Authorities in South Korea are set to use the country’s facial recognition camera network to track people with COVID in real time and ensure they are wearing face masks.
The system will first be tested in Bucheon, on the outskirts of Seoul, in January before being extended to other areas of the country.
The scheme uses artificial intelligence and facial recognition software linked to the city’s 10,820 security cameras “to track the movements of active cases and their close contacts, and to determine whether they wore a mask,” reports RT.
One official said the system was needed to reduce the workload on the team tasked with tracking COVID cases in the city by relying on information such as records of card purchases and cellphone location data.
“Using facial recognition technology will enable that analysis in an instant,” said Bucheon Mayor Jang Deog-cheon, adding that it reduces the burden on workers having to spend “hours analyzing a single [segment of] CCTV footage.”
The system also eliminates the problem of citizens who get infected with COVID but “who aren’t always truthful about their activities and whereabouts,” reported Reuters.
Park Dae-chul, a lawmaker from the main opposition People Power Party. called the plan a “neo-totalitarian idea.”
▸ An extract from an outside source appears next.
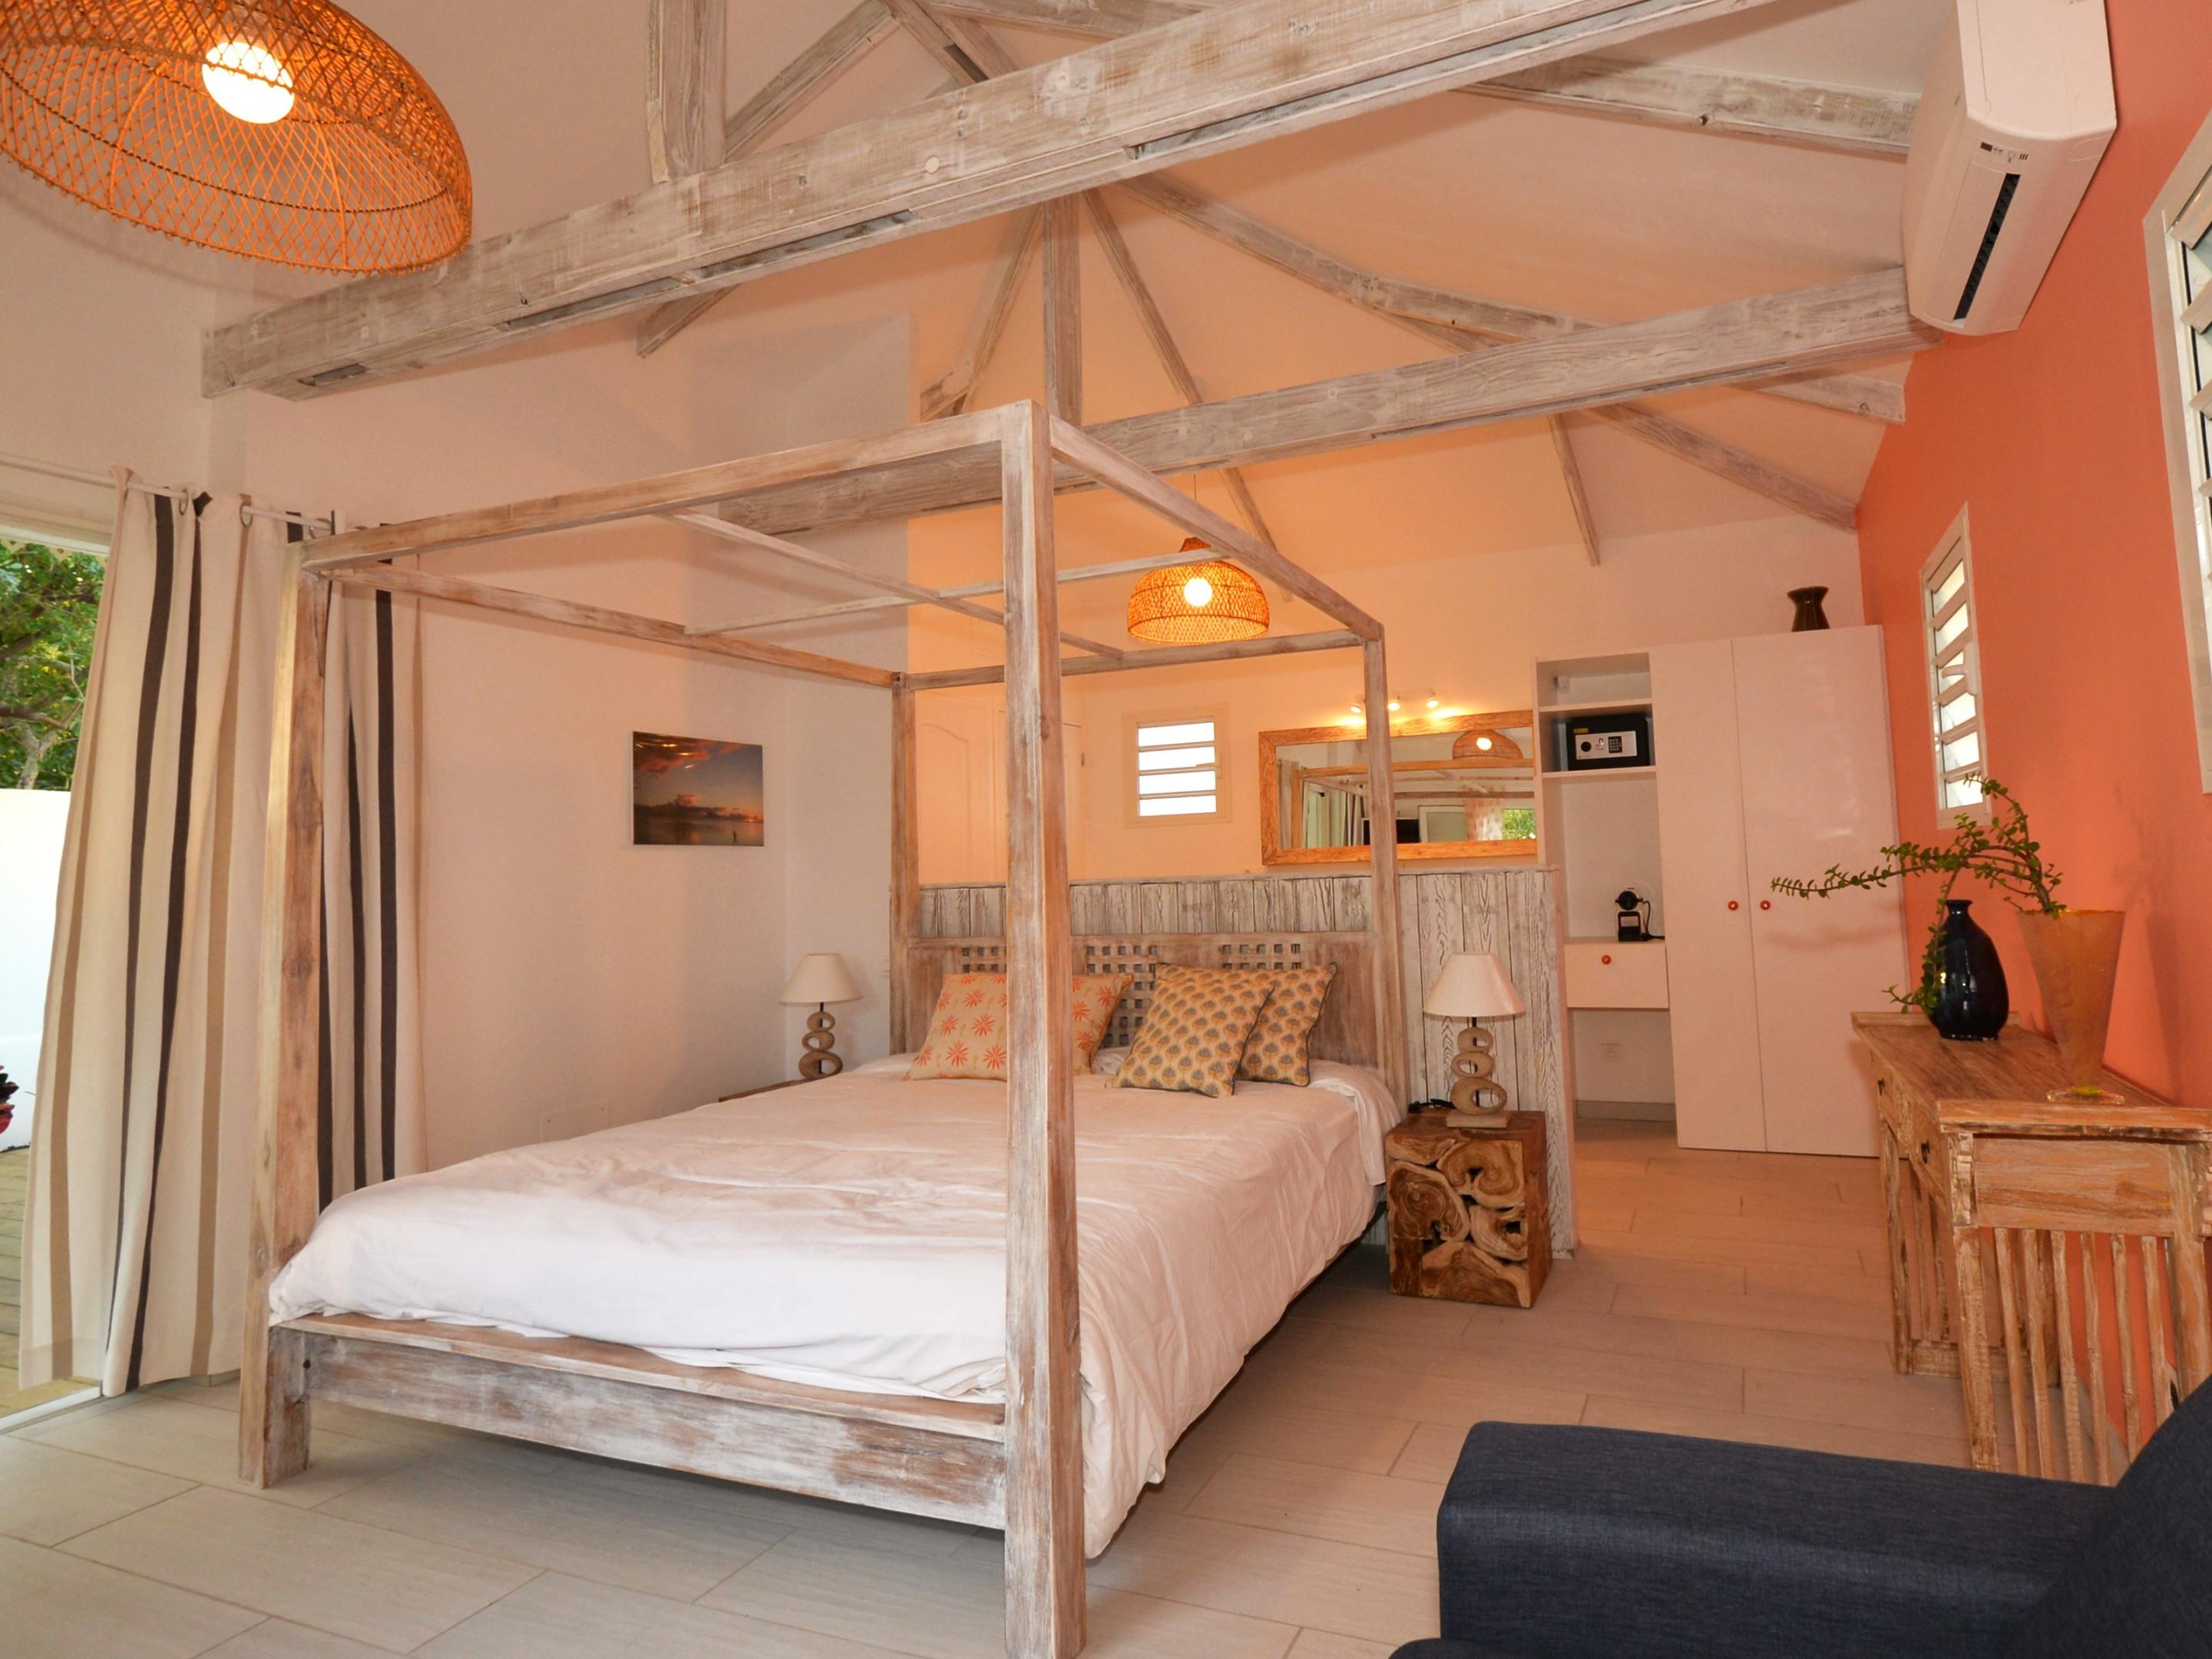 BAIE ROSE-Bungalow-Vue sur Piscine-Salle de bain privée séparée-Lune de Miel
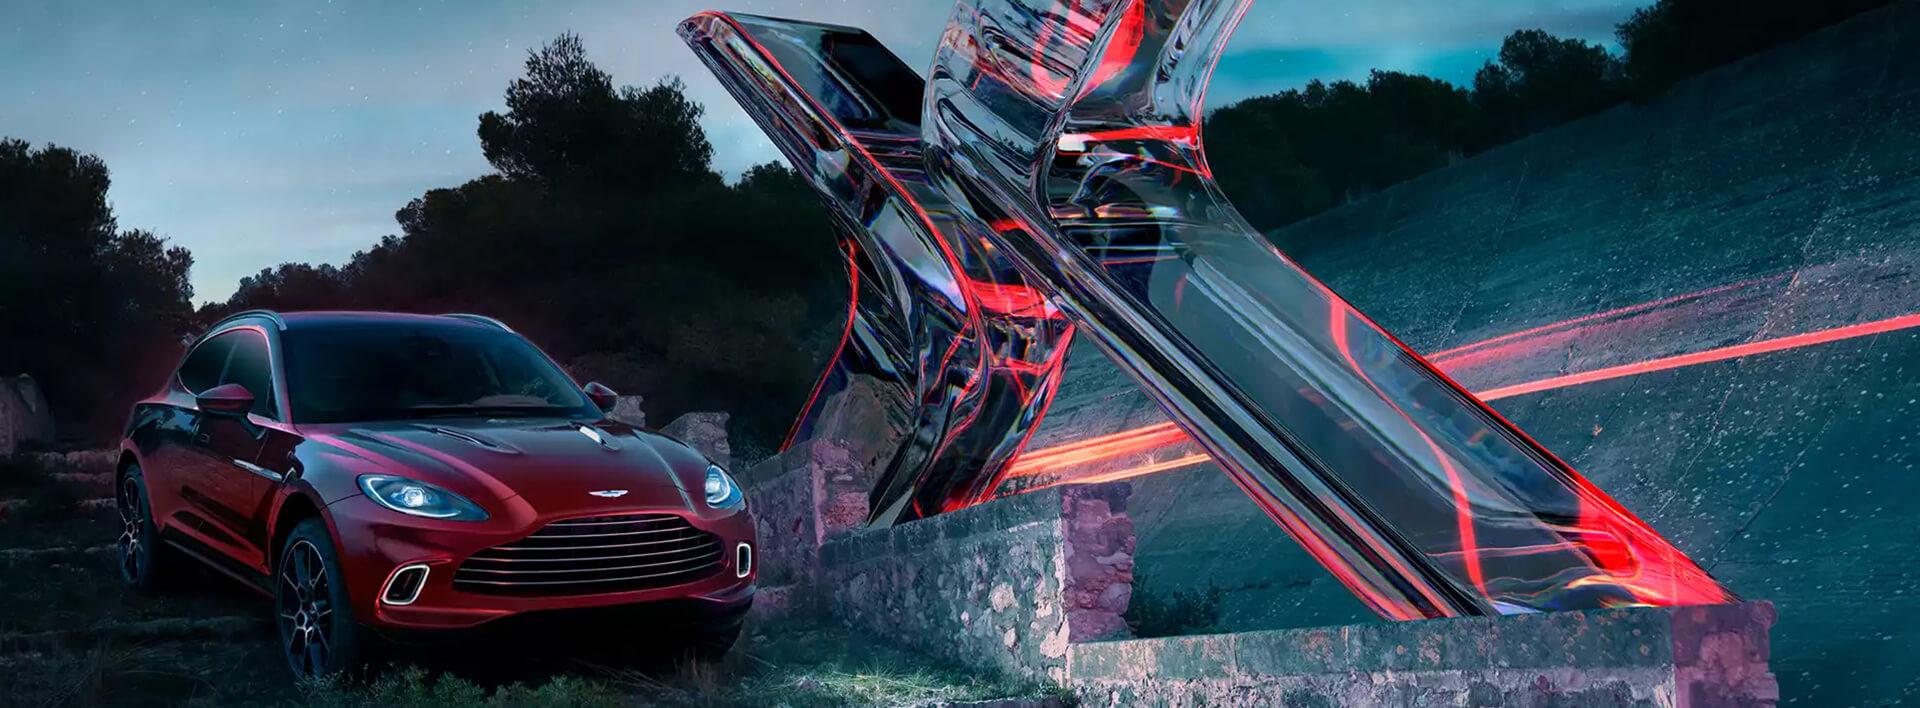 Aston Martin Sydney

“It is absolutely wrong to monitor and control the public via CCTV using taxpayers’ money and without the consent from the public,” said Park.
China, India, Japan, Poland, Russia, and multiple US states are also exploring similar ways to keep track of the movements of people infected with COVID.
Such technology is of course wide open to abuse, erases any kind of expectation of privacy and is something that George Orwell would have laughed off as inconceivable.
And yet here we are.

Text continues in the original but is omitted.